AUTOR:
Protásio Leão, Coordenador da Pós-Graduação em Gestão de Recursos Humanos do ISAG – European Business School
Cada vez mais analisamos a gestão de recursos humanos na perspetiva do que se pede à gestão de pessoas em contexto organizacional, que missões lhe estão reservadas e de que forma essas missões impactam o sucesso das organizações.
É claro que nas organizações que vivem uma cultura organizacional com dimensões estratégicas bem definidas e disseminadas pelas pessoas, estarão mais perto de identificarem os contributos da gestão de recursos humanos nas suas atividades. Sendo mais visíveis para todos os membros, contribuindo com maior impacto no sucesso das missões organizacionais. Uma boa ligação organizacional entre quem gere as diversas áreas e a gestão das pessoas, é de facto determinante para o sucesso.
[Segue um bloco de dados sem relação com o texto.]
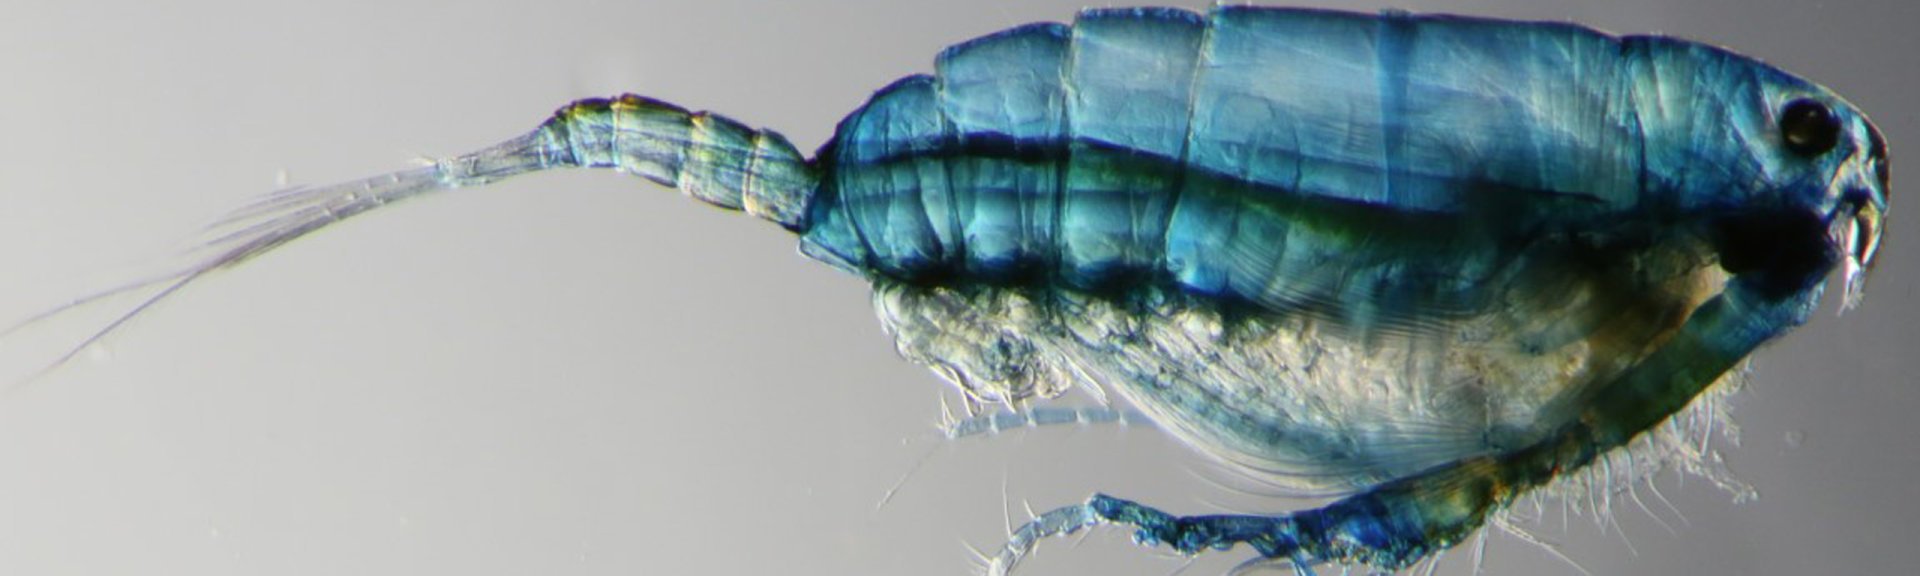 Zooplankton copepod. Photo by Julian Uribe-Palomino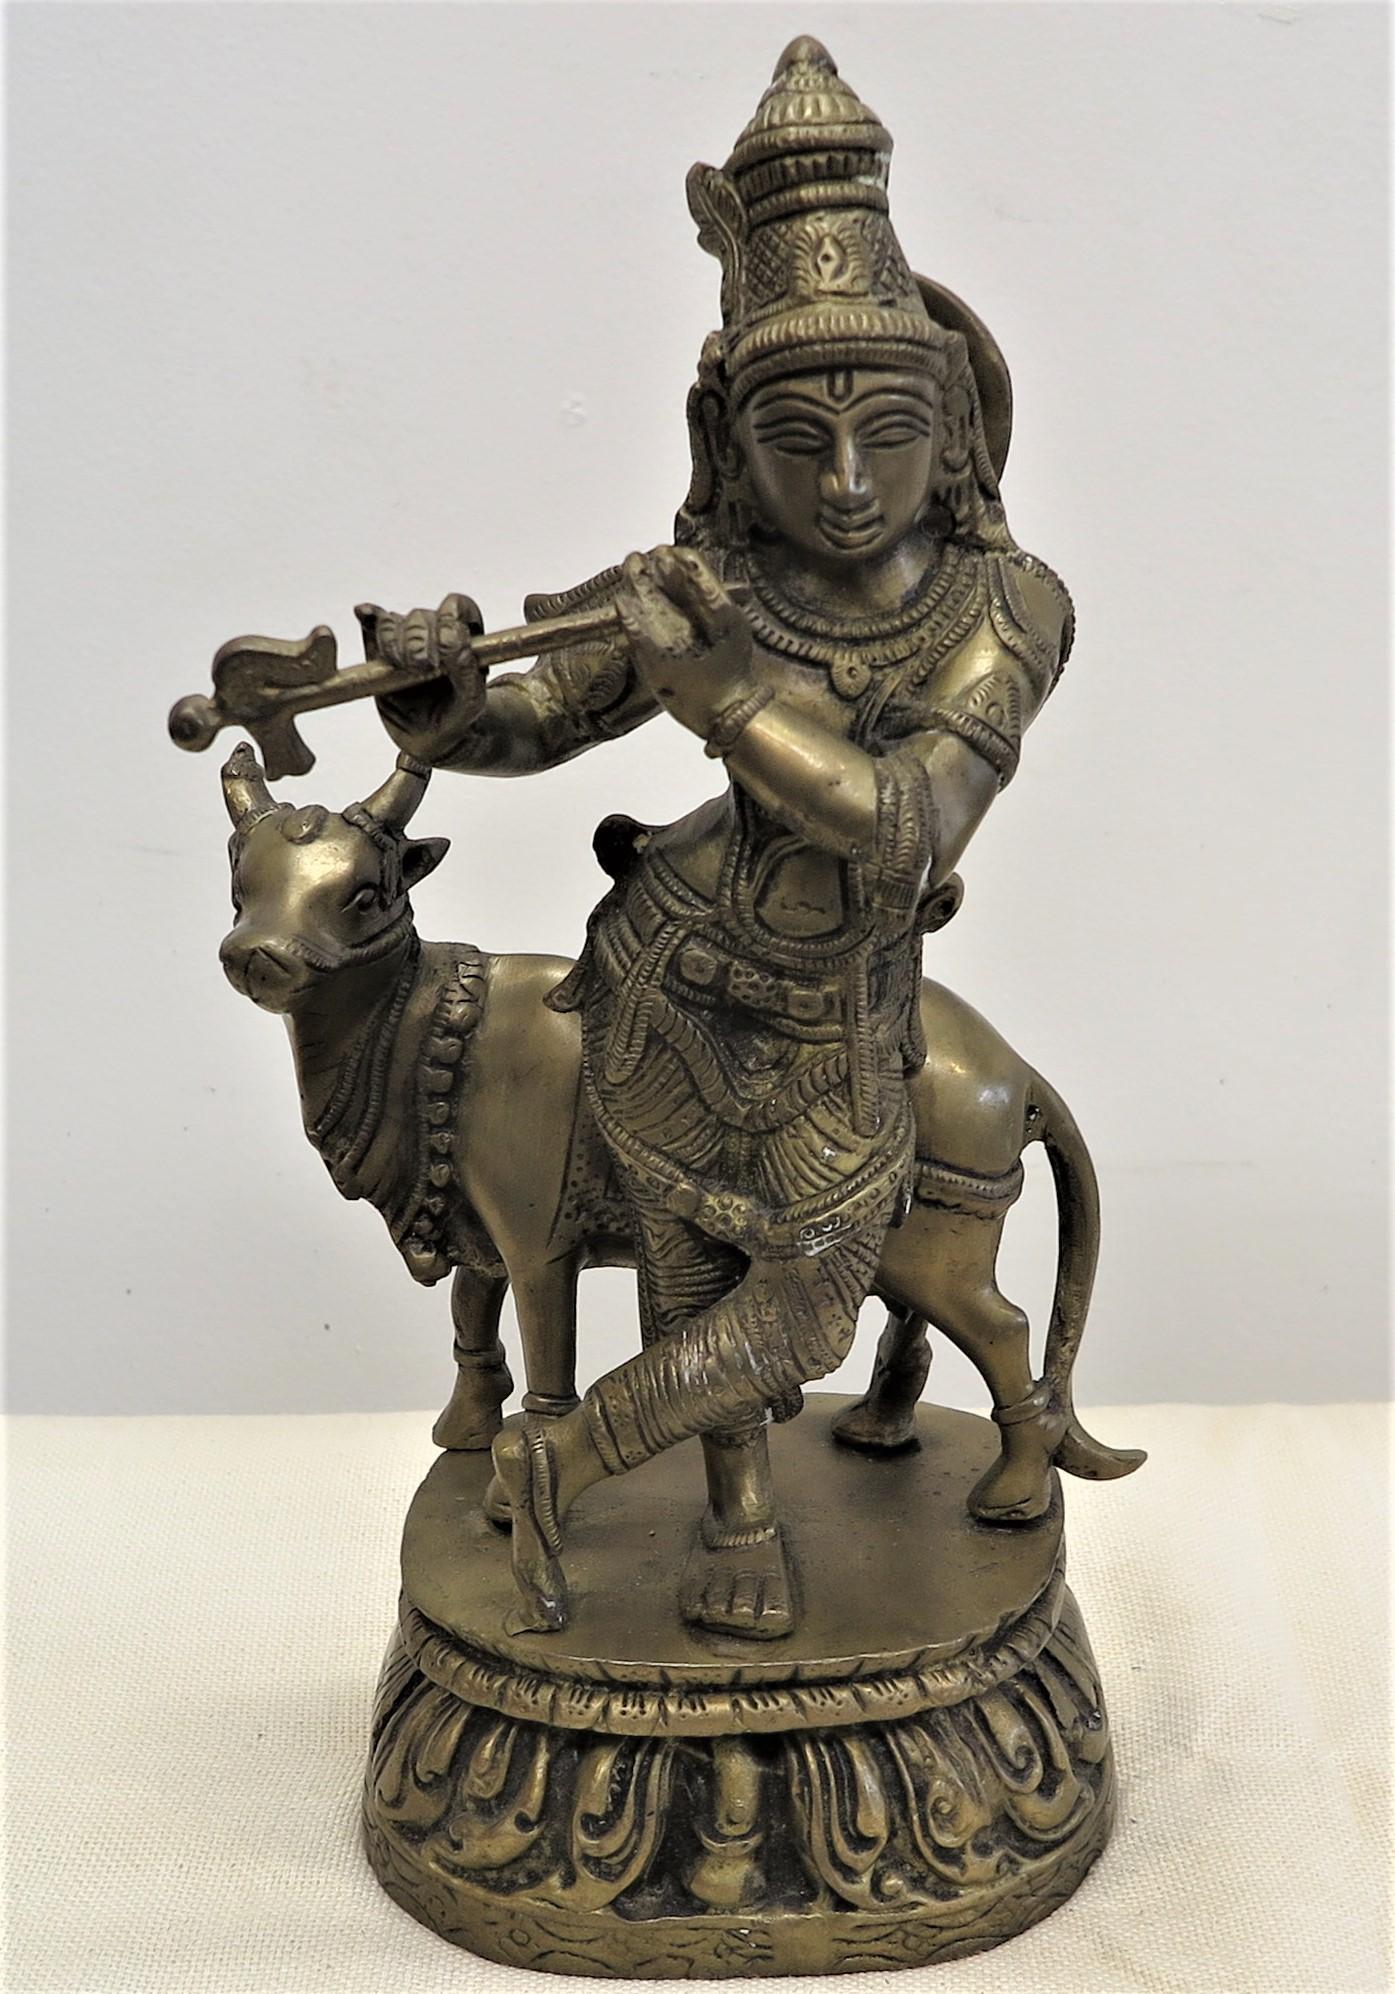 Wunderschöne Messingstatue von Krishna mit Nandi. Messing Krishna mit Nandi Statue Vintage handgefertigt mit Wachsausschmelzverfahren für Gießen. Krishnas Reittier ist Nandi. Nandi, die Kuh, steht für göttliche Bliss, Freude, Vergnügen, heiter,

Debruçando a análise sobre algumas temáticas da melhoria dos desempenhos das organizações e em consonância com as pessoas que as integram, importa reconhecer que a gestão de recursos humanos está em constante mudança, e que é necessário reconhecer a importância do seu papel.
Compreender o contexto de RH em relação ao contexto organizacional e externo é importante para um gestor de RH. O contexto organizacional refere-se às estruturas, processos, cultura e sistemas na organização, enquanto o ambiente externo se refere a políticas externas, economia, tecnologia e sociedade, que influenciam a organização, que por sua vez, impactam o profissional de recursos humanos. Os gestores RH são defensores da empresa e das pessoas que nela trabalham, consequentemente, um bom profissional de RH executa um ato de equilíbrio constante para atender as duas necessidades com sucesso.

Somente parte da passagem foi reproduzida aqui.